SEJARAH Pulau Run dan Manhattan memberikan berbagai inspirasi pada Made Wianta untuk mencipta karya seni.
Pria kelahiran Tabanan, Bali, 20 Desember 1949 itu kerap melaukan perjalanan ke dua lokasi tersebut. Hingga akhirnya sebuah pemeran karya seni yang bertajuk Run For Manhattan menjadi retrospektif delapan periode karya dari sang maestro Made Wianta.
“Sekitar 6 kali bapak pergi ke New York mengunjungi Manhattan. Pernah ke Pulau Run juga khusus untuk meneliti tentang buah pala,” tutur Buratwangi, anak dari Made Wianta, saat ditemui di Ciptandana Center, Jakarta, Jumat (24/11).
“Dua tempat tersebut (Run dan Manhattan) yang menginspirasi Bapak untuk menciptakan karya seni," lanjut Buratwangi.
Karya-karya lukisan dari Made Wianta yang terinspirasi dari Pulau Run dan Manhattan dipamerkan pada The Ciptadana Art Program. Seperti The Storm, lukisan yang dibuat pada tahun 2009 tersebut memakan waktu kurang lebih 6 bulan. Yang menggambarkan pulau Run dan Manhattan kala itu.

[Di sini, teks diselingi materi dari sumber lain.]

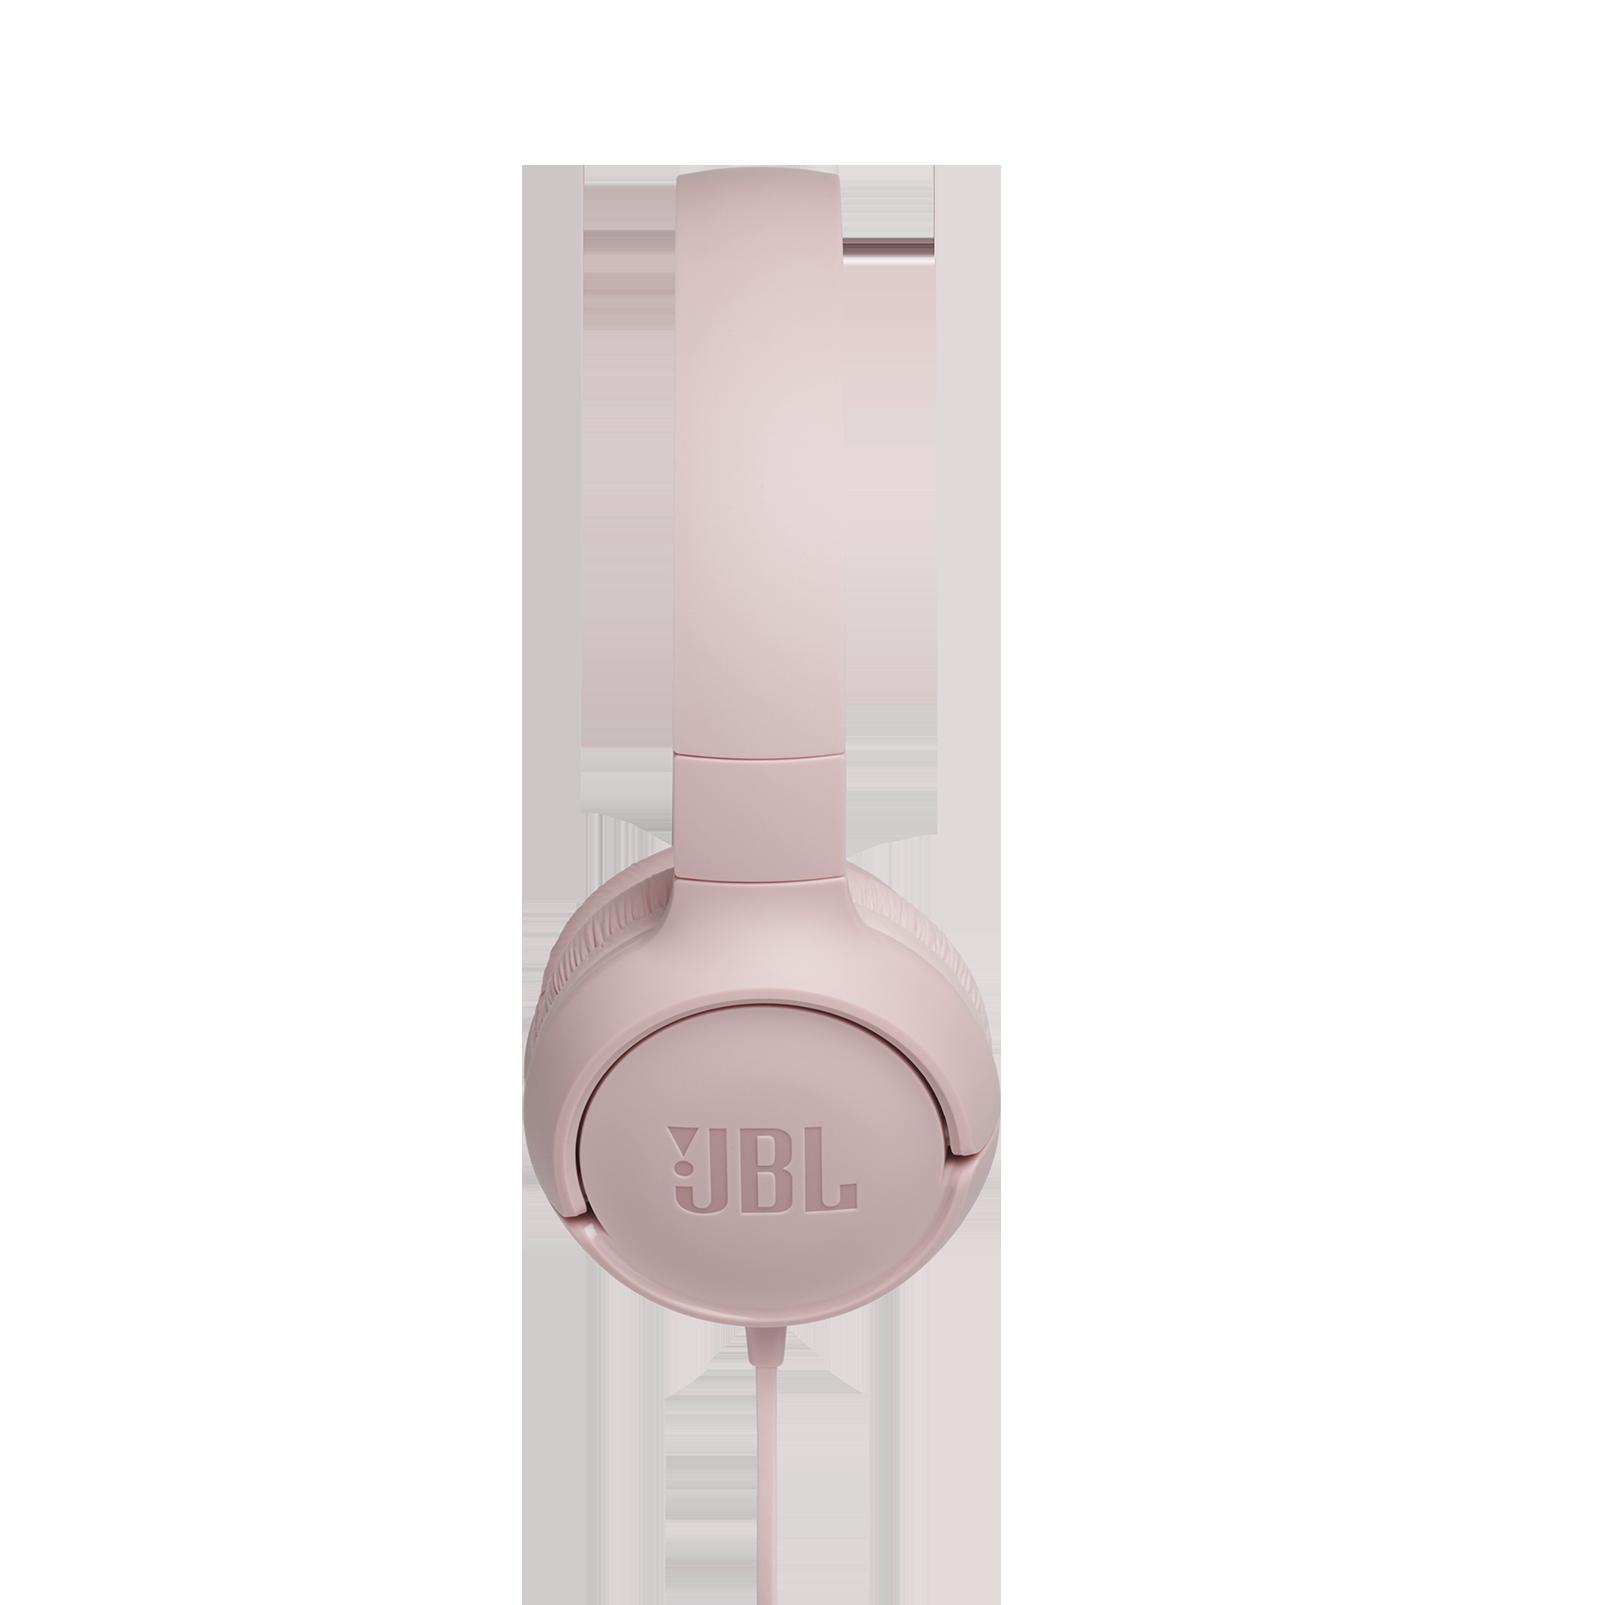 JBL TUNE 500 - Pink - Wired on-ear headphones - Detailshot 2
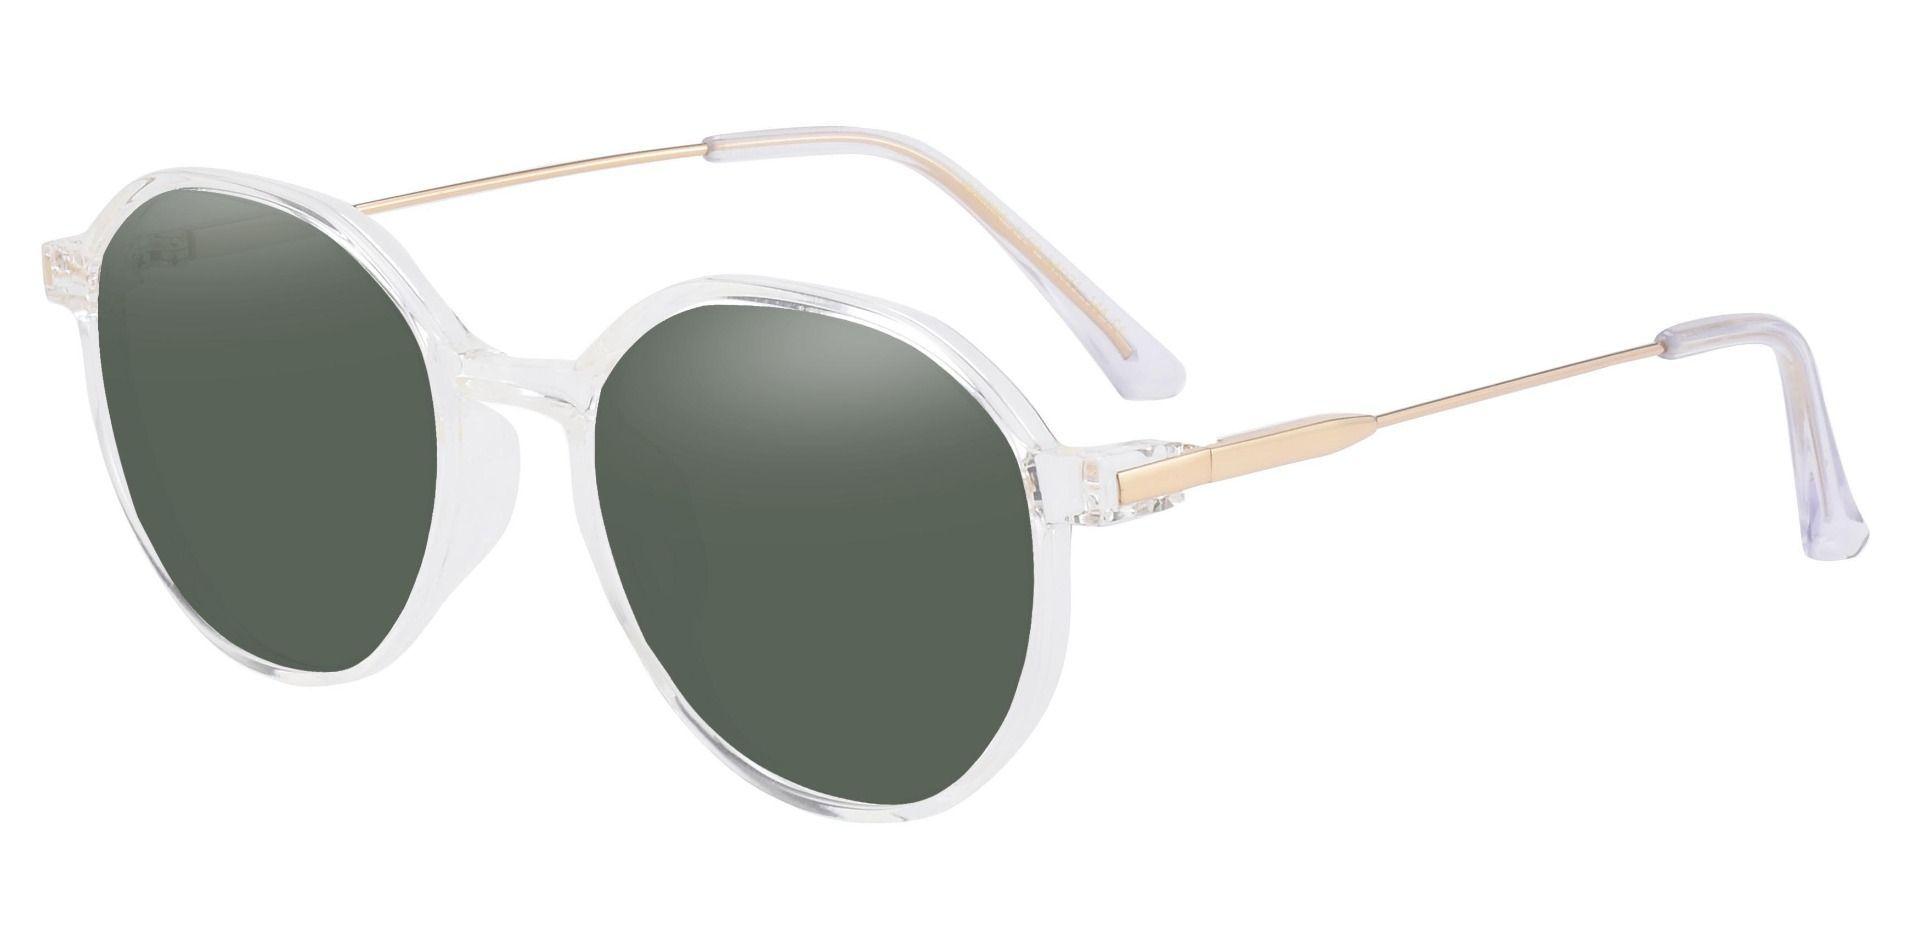 Daytona Geometric Prescription Sunglasses - Clear Frame With Green Lenses

Harga yang dibandrol pun untuk lukisan The Strom yakni Rp750 juta. Selain itu, ada pula 42 lukisan yang menarik lainnya yang dipamerkan, antara lain yaitu Molluccas Rock (2012), Island Silhouettes (2012), Fort Belgique (2015) Fifth Avenue (2003), City Lights (2015), NYC Town Hall (2014) dan masih banyak yang lainnya. (ryn)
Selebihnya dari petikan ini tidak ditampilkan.